Page MenuHomePhabricator

all log producers need to use the logstash LVS endpoint
Closed, ResolvedPublic

Description

Since we are replacing logstash100[1-3] with logstash100[7-9], all log producers which currently access one of the logstash node directly need to be reconfigured. Using the LVS endpoint is the obvious solution (logstash.svc.eqiad.wmnet).

Event Timeline

It seems striker, maps and aqs need fixing.

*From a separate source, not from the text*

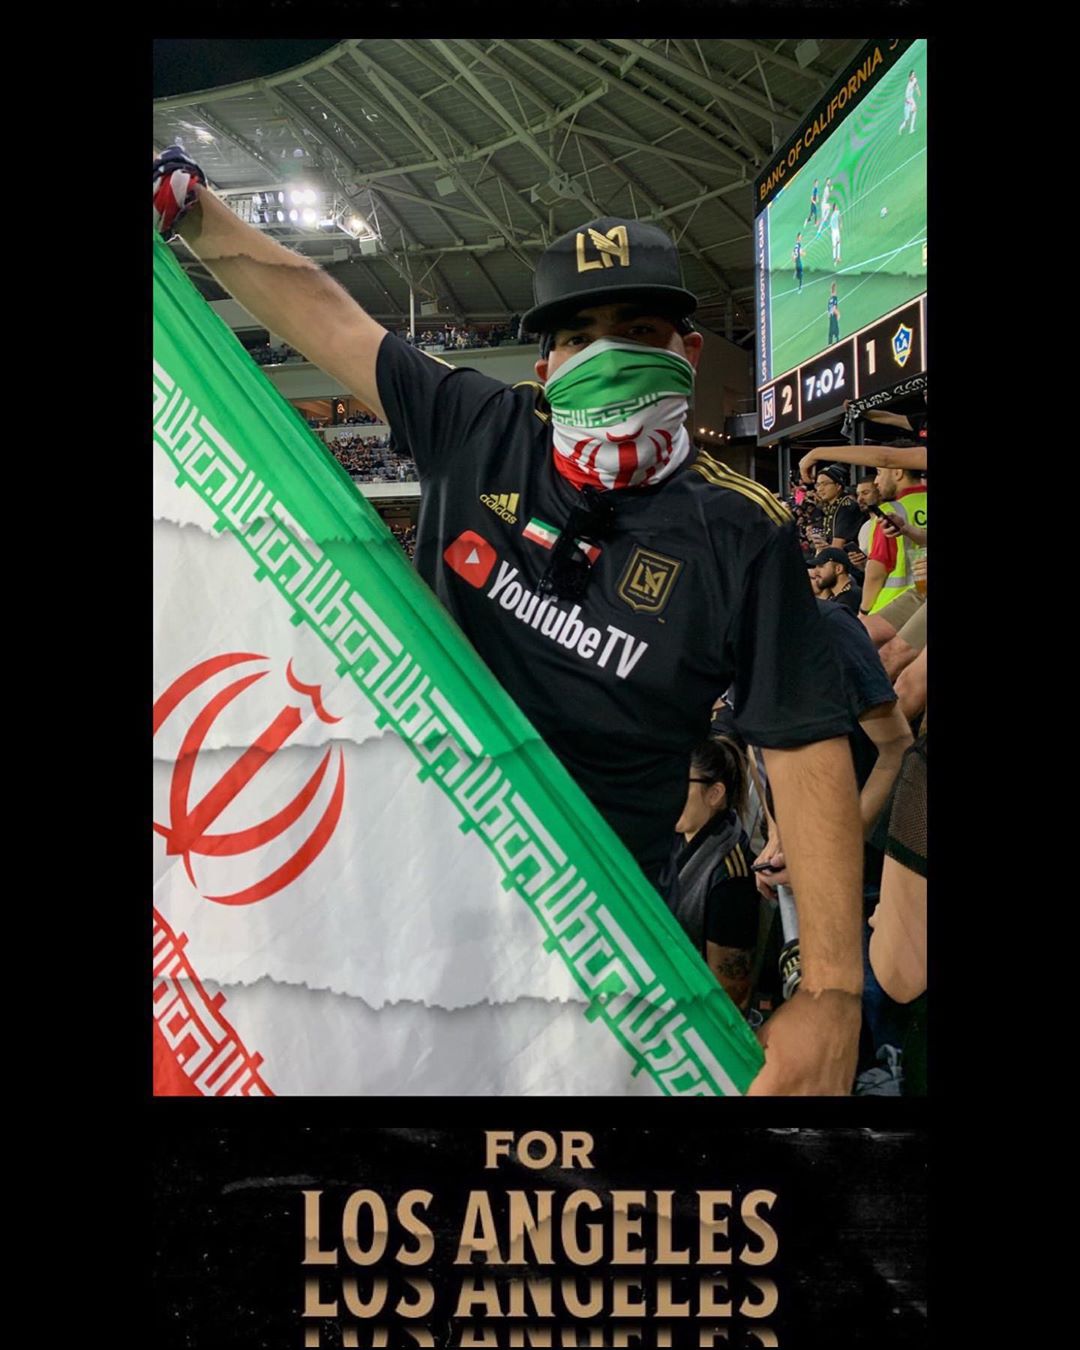 History ! Los Angeles! LA, You Keep giving me reasons to Love You @lafc 🇮🇷 🇲🇽 @lafc3252 @lafckrew

Change 376500 had a related patch set uploaded (by Ladsgroup; owner: Amir Sarabadani):
[operations/puppet@production] service: Use LVS endpoint for logstash

https://gerrit.wikimedia.org/r/376500

Mentioned in SAL (#wikimedia-operations) [2017-09-27T12:47:34Z] <akosiaris> T175242 disable puppet across aqs kafka maps maps-test ores restbase restbase-dev sca scb wtp clusters for merging https://gerrit.wikimedia.org/r/#/c/376500/

Change 376500 merged by Alexandros Kosiaris:
[operations/puppet@production] service: Use LVS endpoint for logstash

https://gerrit.wikimedia.org/r/376500

Mentioned in SAL (#wikimedia-operations) [2017-09-27T12:54:53Z] <akosiaris> T175242 enabled puppet in aqs kafka maps maps-test selected hosts and ran puppet manually.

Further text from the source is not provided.